О спутниках и нелитературном языке
Думаю, теперь мне следует рассказать о моих главных спутниках и друзьях. О Фернандо и Энрике. Я встретила их в Питере три года назад. Будучи «кастильцами», они учились на только что восстановленном историческом факультете Ленинградского Универа. Я сдавала туда вступительные экзамены. Они подкармливали меня пирожками с сангрией, подбадривали, смешили и… горячо соболезновали, когда я с грохотом провалилась. Мы быстро подружились. Поначалу их интересовала практика разговорного русского языка и, конечно же, история Ленинграда. Фернандо таскал с собой массивный фотоаппарат на треножнике, который был подарен ещё его отцу на день совершеннолетия. Он любил ходить по улицам города и фотографировать каждый дворик и закоулок Северной столицы. Мне очень нравилось составлять ему компанию. Хотя мы по-разному видели город. Для меня, человека всем сердцем любящего его мокрое уныние, болотный запах, и молчаливое величие, Питер представлял из себя кровоточащую рану. Его оголённое, словно оскал черепа, лицо в разрушенных зданиях и вывернутых булыжниках улиц, ввергало меня в состояние подобное отчаянию при потере близкого человека. Одиночество, которое моё сердце верно разделяло с болью города. Я молча маячила за спиной Фернандо, робко поднимала глаза на когда-то торжественные, а нынче изуродованные фасады знакомых домов, слушала треск ворон… Но было лето, душа моя наполнялась светом, и, оплакивая ушедших, впитывала умиротворение вечного гранита возрождающегося города.

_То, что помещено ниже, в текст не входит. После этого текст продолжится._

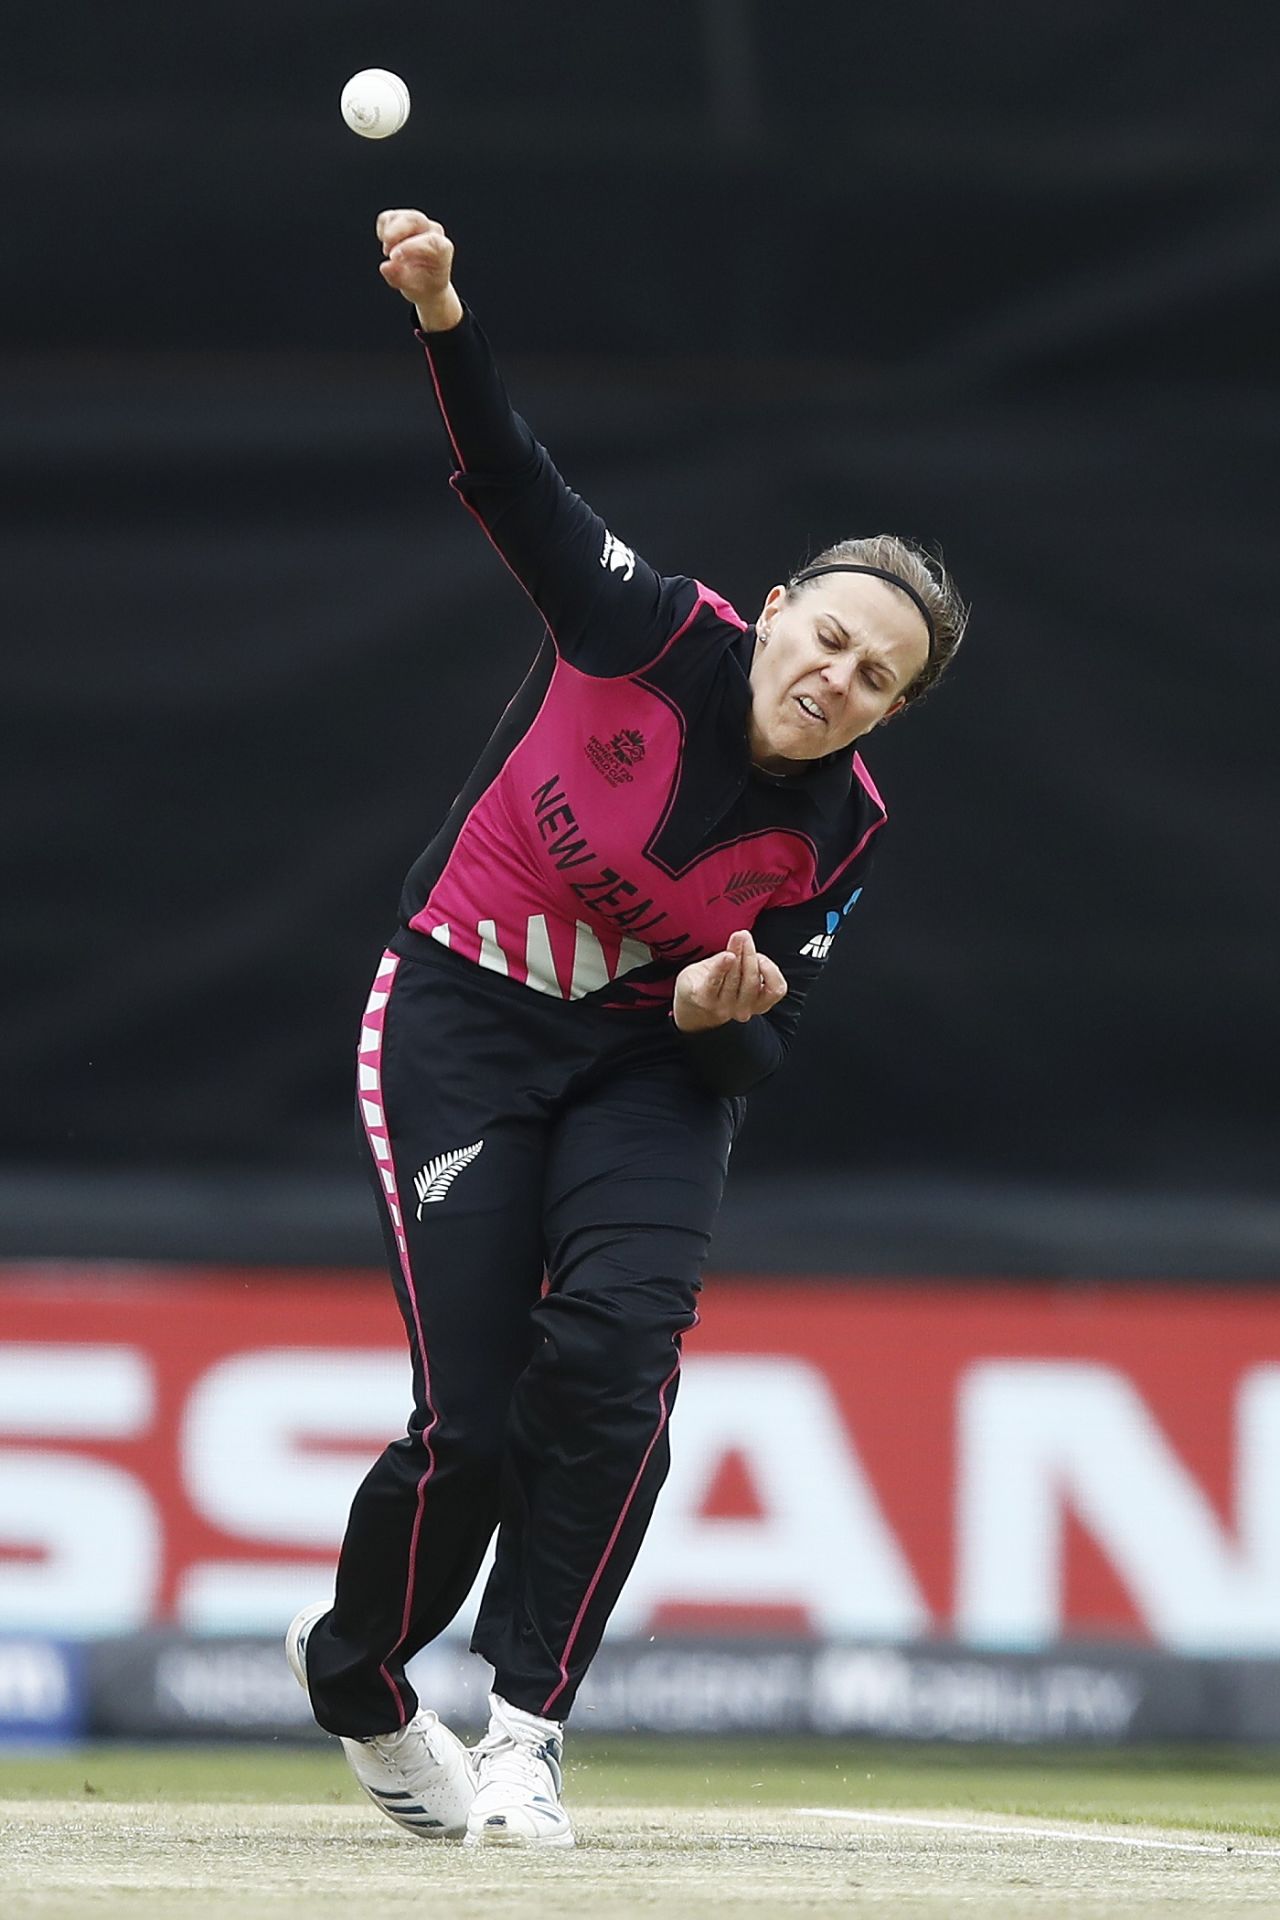 Lea Tahuhu struck early for New Zealand, India v New Zealand,  ICC Women's T20 World Cup, Melbourne (Junction Oval), February 27, 2020

Для моего друга послевоенный Ленинград являл собой источник нескончаемого восторга. Он участвовал в испанском Сопротивлении во Франции, его подразделения первыми вошли в освобождённый Париж. Он гордо называл себя «маки́ 11 11 Название партизан во Франции
», честно признавался в анархических убеждениях, и пил только за «Свободу!».
– В чём состоял его восторг? – спросите вы.
Его собственная страна, обескровленная гражданской войной, с открытыми объятиями приняла фашистский режим Франко. Испания поддерживала Германию, но была разрушена и слаба для участия в войне. Она выгорала изнутри как торф. Казалось, ни одна страна в Европе не могла понять страданий испанского народа… И вот Ленинград.
– Вы, питерцы, просто знамя человечества! – Иногда вскрикивал Фернандо. – Ты понимаешь, что показали вы всему миру?!
– Мужество? – Устало улыбалась я.
– Мужество, конечно, важно, – сурово скрещивал он руки на груди, – но вы показали такой характер, такой монолит стойкости, что утёрли нос всем занудам и отщепенцам, которые оправдывали своё участие в нацистском шествии голодом и нищетой…
Фернандо явно сердился на близорукость Испанских властей. Предки его, как он сам рассказывал, происходили из племени Патагонцев 12 12 Патагон – ст. исп. «большая стопа»
. Это легендарный народ гигантов, живших на равнинах современной Аргентины. Фернандо – молчаливый и вечно подозрительный великан. Ему приходилось слегка приседать, чтобы разговаривать со мной и вообще со всеми окружающими его «коротышками». Потому-то он в большей степени предпочитал молчать, а посему его реплики высоко мною ценились.
Энрике был полной противоположностью своему сотоварищу. Разговорчивый и любопытный шутник… Правда в последние несколько недель он изменился. О его прошлом я мало что знала. Он с Фернандо учился в одной школе для дворян в Мадриде. Потом пути их разошлись. Энрике пошёл на военную службу, его друг – занялся экономикой. Он помогал родственникам восстановить свои заводы в Кастилии. Встретились они опять же в Мадриде уже в 43м, а после войны решили нагрянуть в Ленинград. Тогда наши университеты уже набирали студентов…
Мои приятели мечтали быть археологами Греции и Рима. Но судьба иначе оценила их талант, и через полгода на нас свалилась новость от родителей Фернандо. Будучи аргентинцами, они вернулись обратно в Южную Америку в конце тридцатых годов. Теперь там его ждало некое наследство. В Бразилии! О том, каким образом мне удалось сорваться с места и укатить с ними в страну карнавальных шествий, я до сих пор ломаю голову. Я мечтала о Бразилии. Черно-белые фильмы не передавали те краски кои расплёскивались на ряженых праздниках Рио-де-Жанейро. Я видела эту страну через фотографии Женевив Нейлор в фокусе творчества её мужа, Михаила Резникова… Насколько удача улыбалась мне, я поняла несколько недель назад, когда узнала о разрыве дипломатических отношений между моей страной и Бразилией.